**What you will do**
Please return exactly the line that contains "Brazil's forwards Firmino, Richarlison" and every line after it, through the last line of the records below, with no pictures.

Start of Block

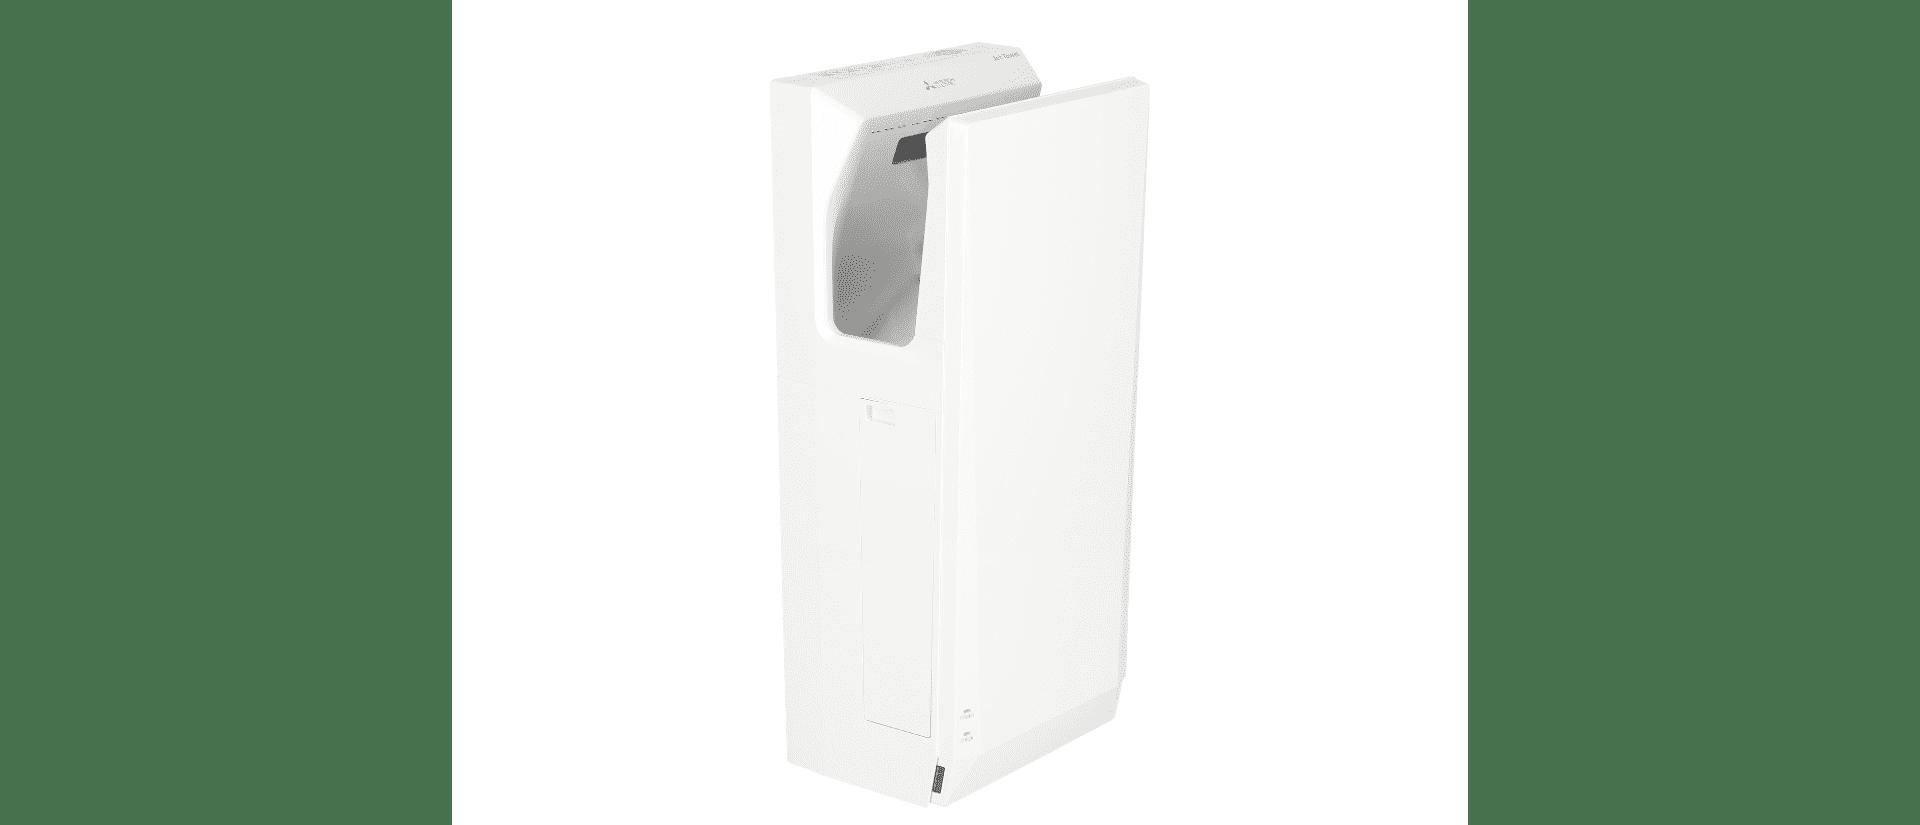 Mitsubishi Hand Dryer Jet Towel Heated White Janitorial
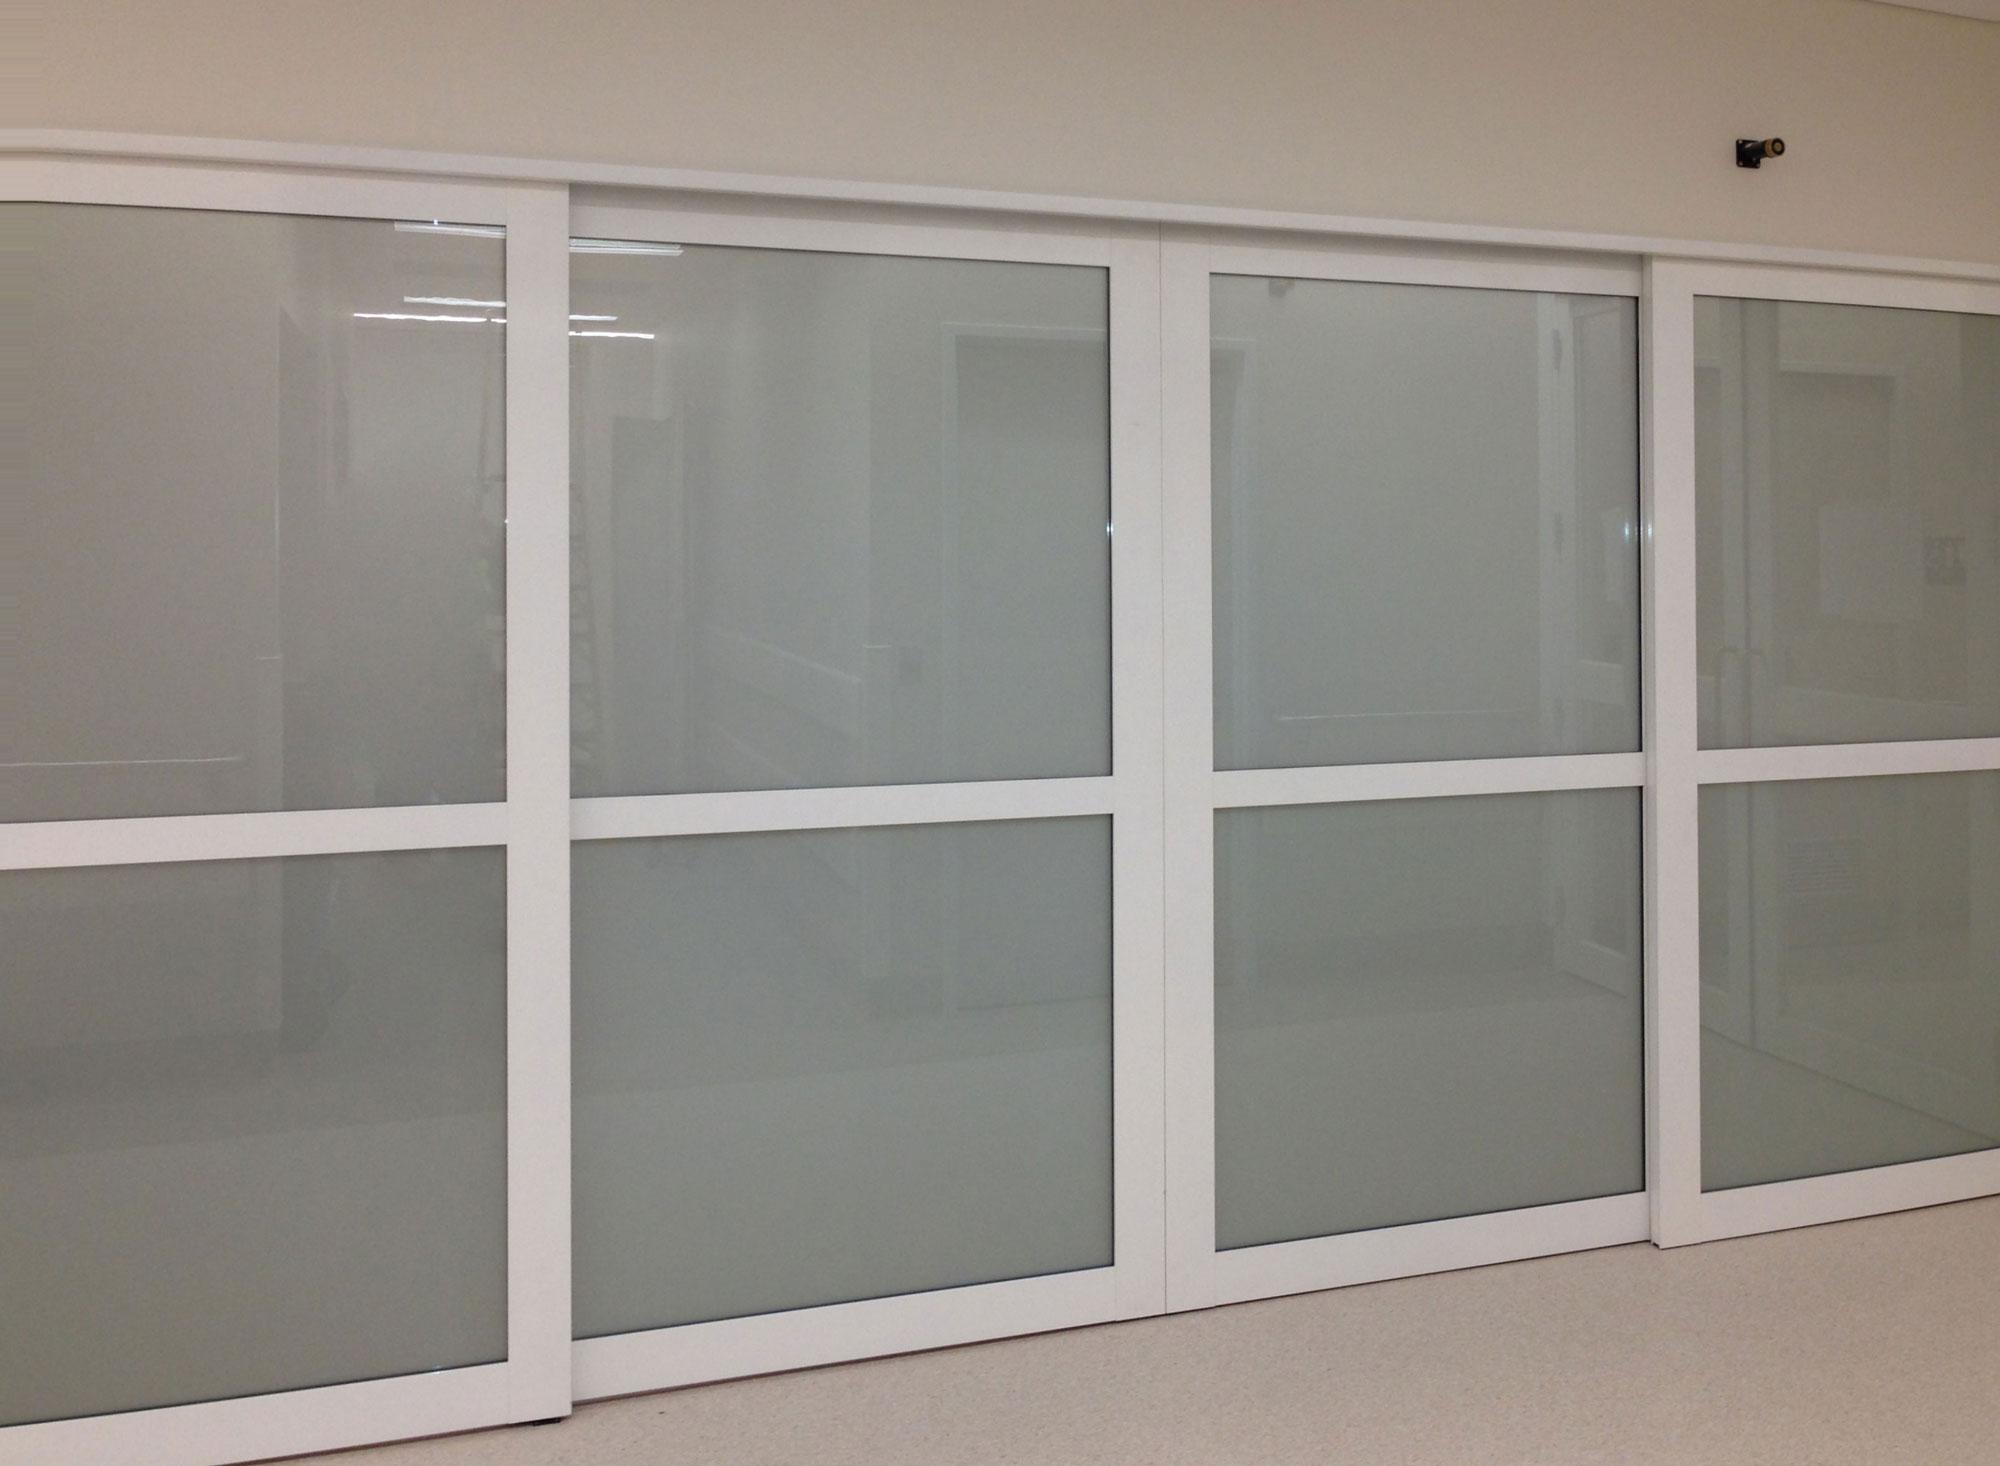 Commercial Sliding Door Tracks Gallery Cs Cavity Sliders
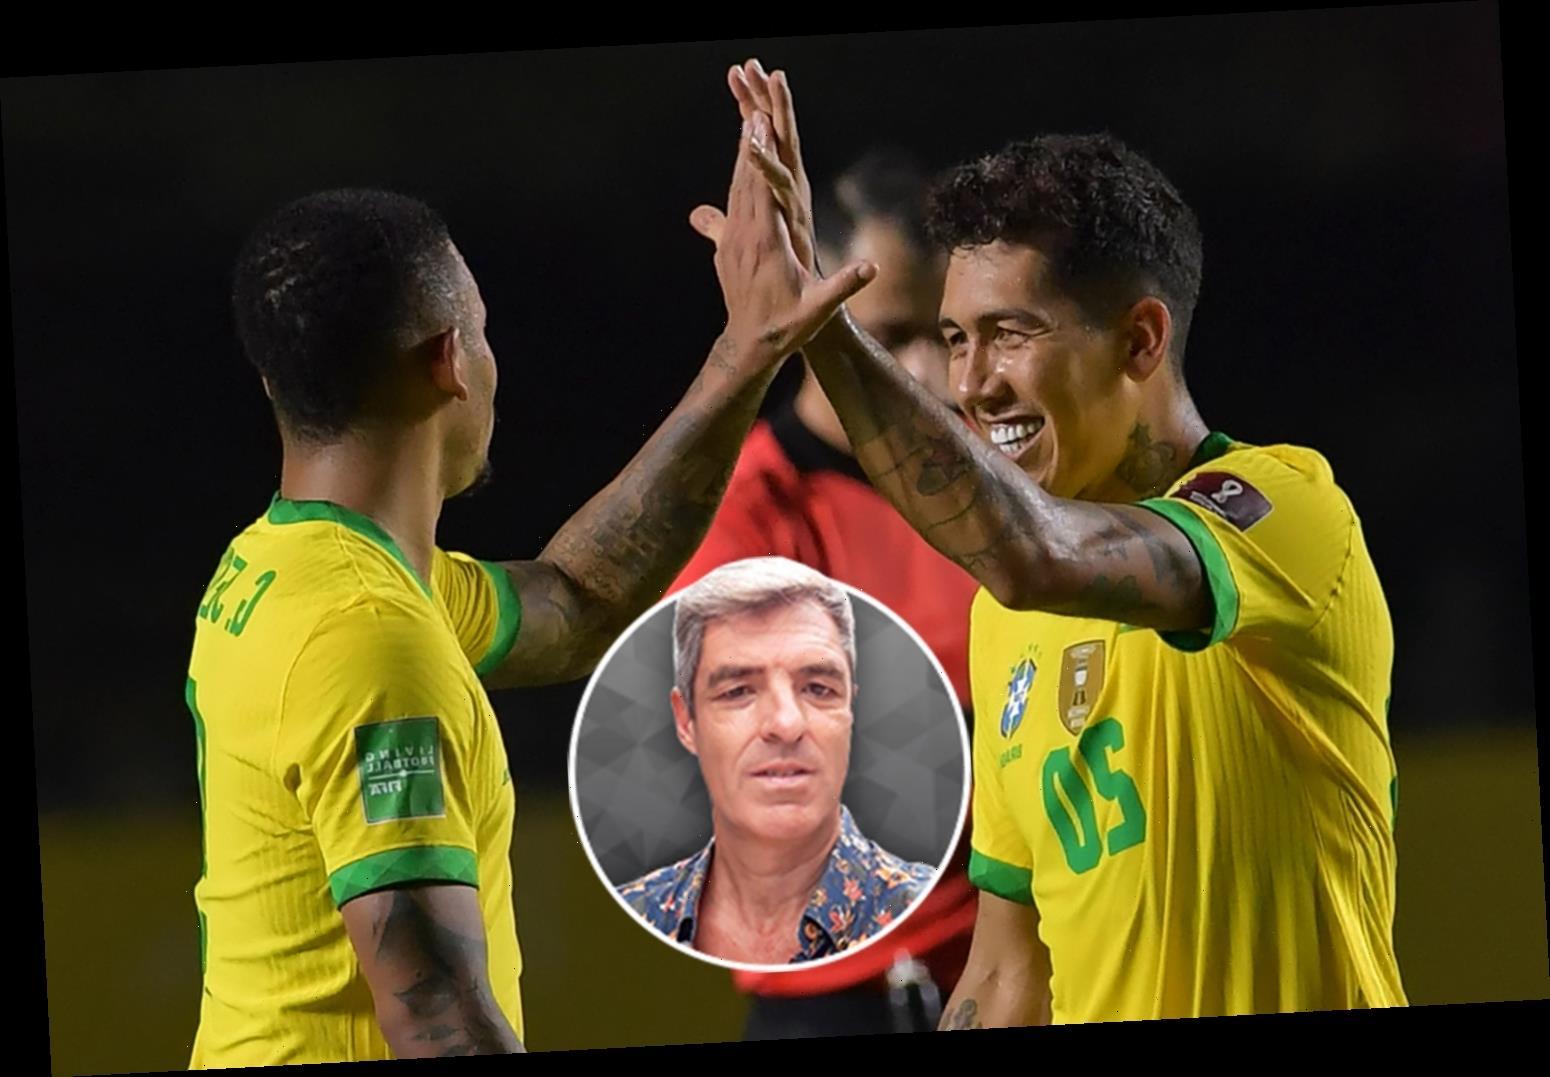 Brazil's forwards Firmino, Richarlison and Jesus struggled against Venezuela, and next face acid test against Uruguay
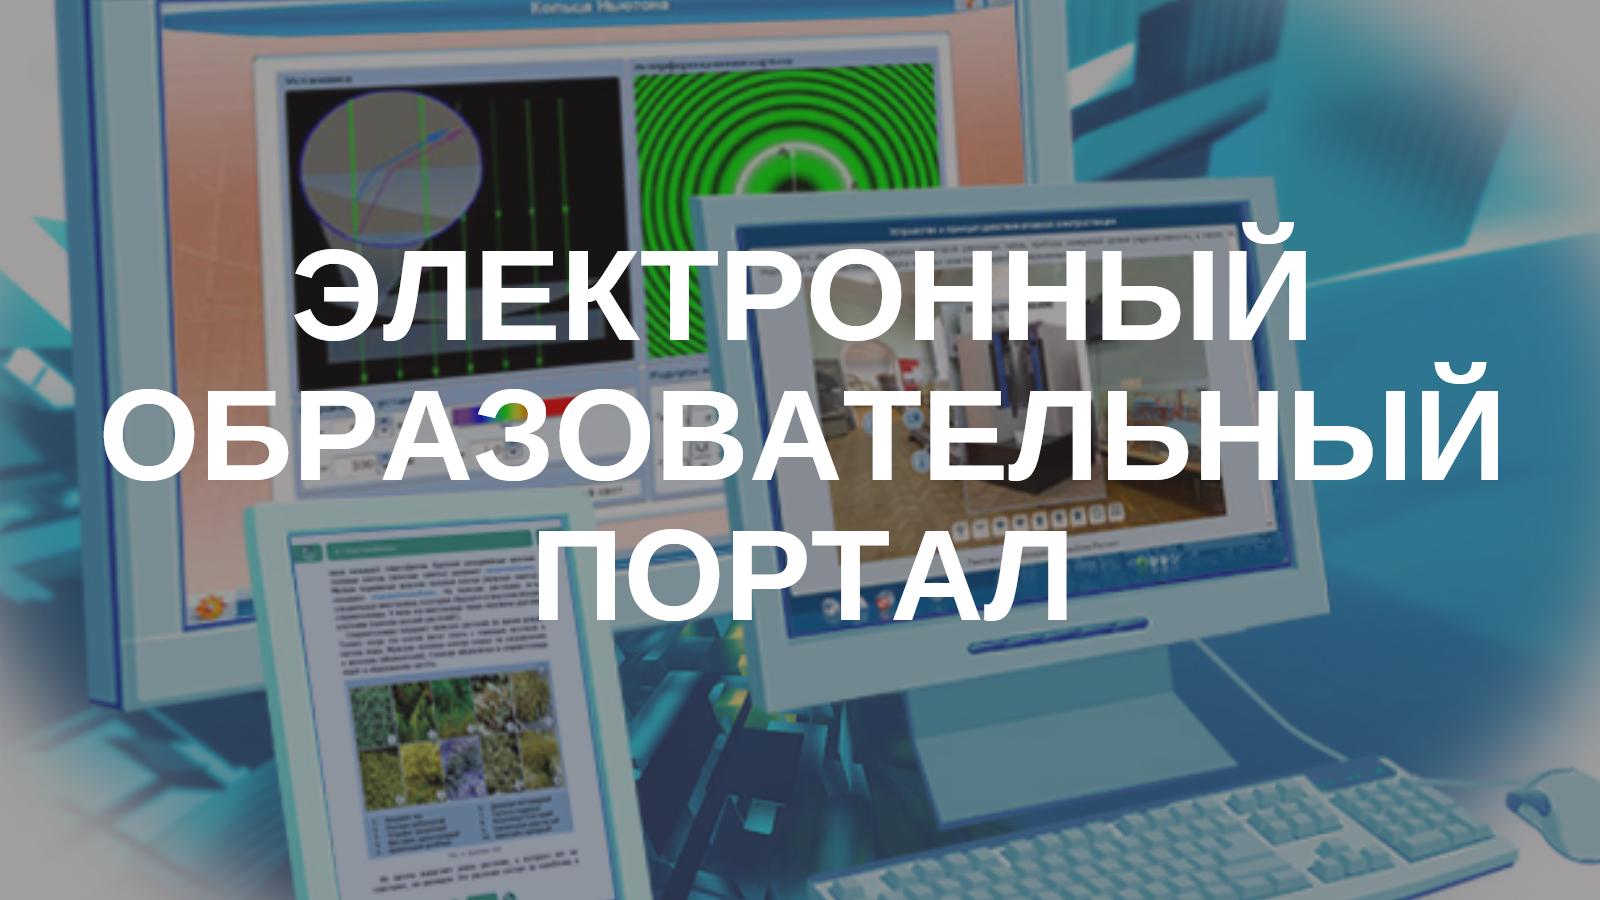 Воронежский филиал АСМС
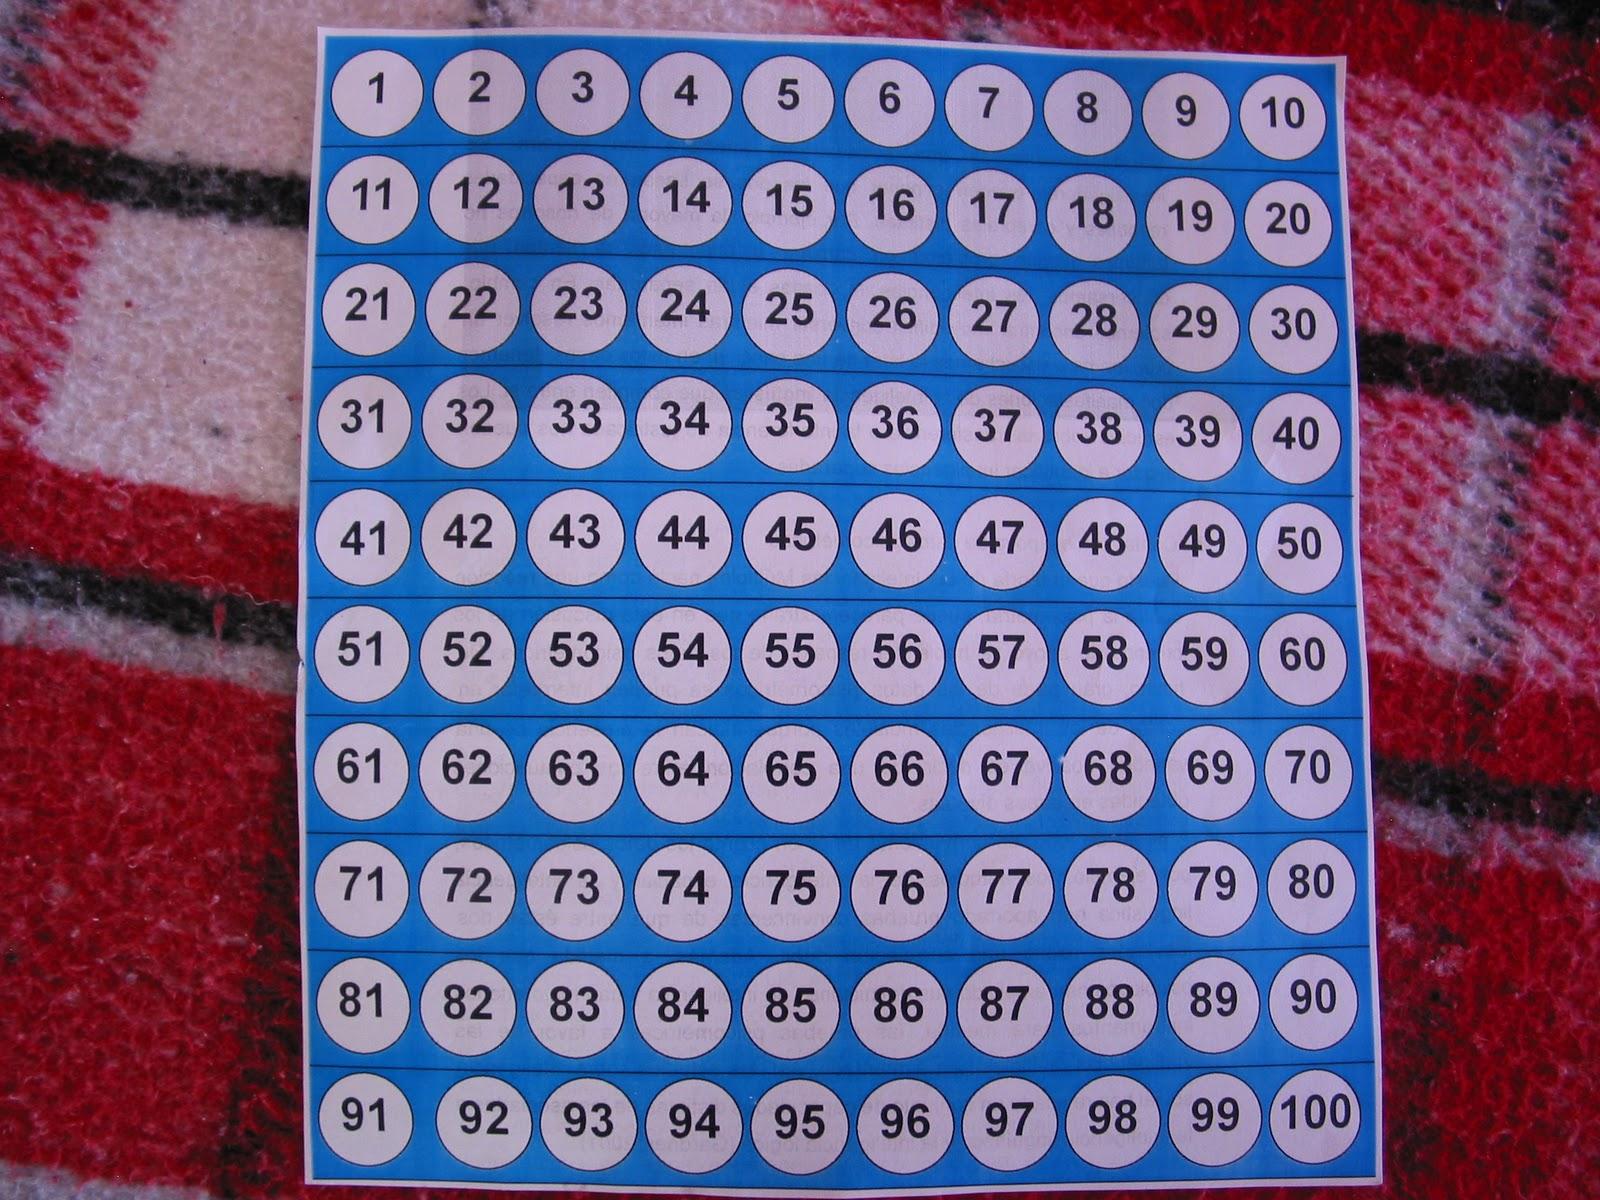 100 bases de tapas de leche pegadas sobre una madera de 40 x 40cm

End of Block

**Solution**
 Brazil's forwards Firmino, Richarlison and Jesus struggled against Venezuela, and next face acid test against Uruguay
 Воронежский филиал АСМС
 100 bases de tapas de leche pegadas sobre una madera de 40 x 40cm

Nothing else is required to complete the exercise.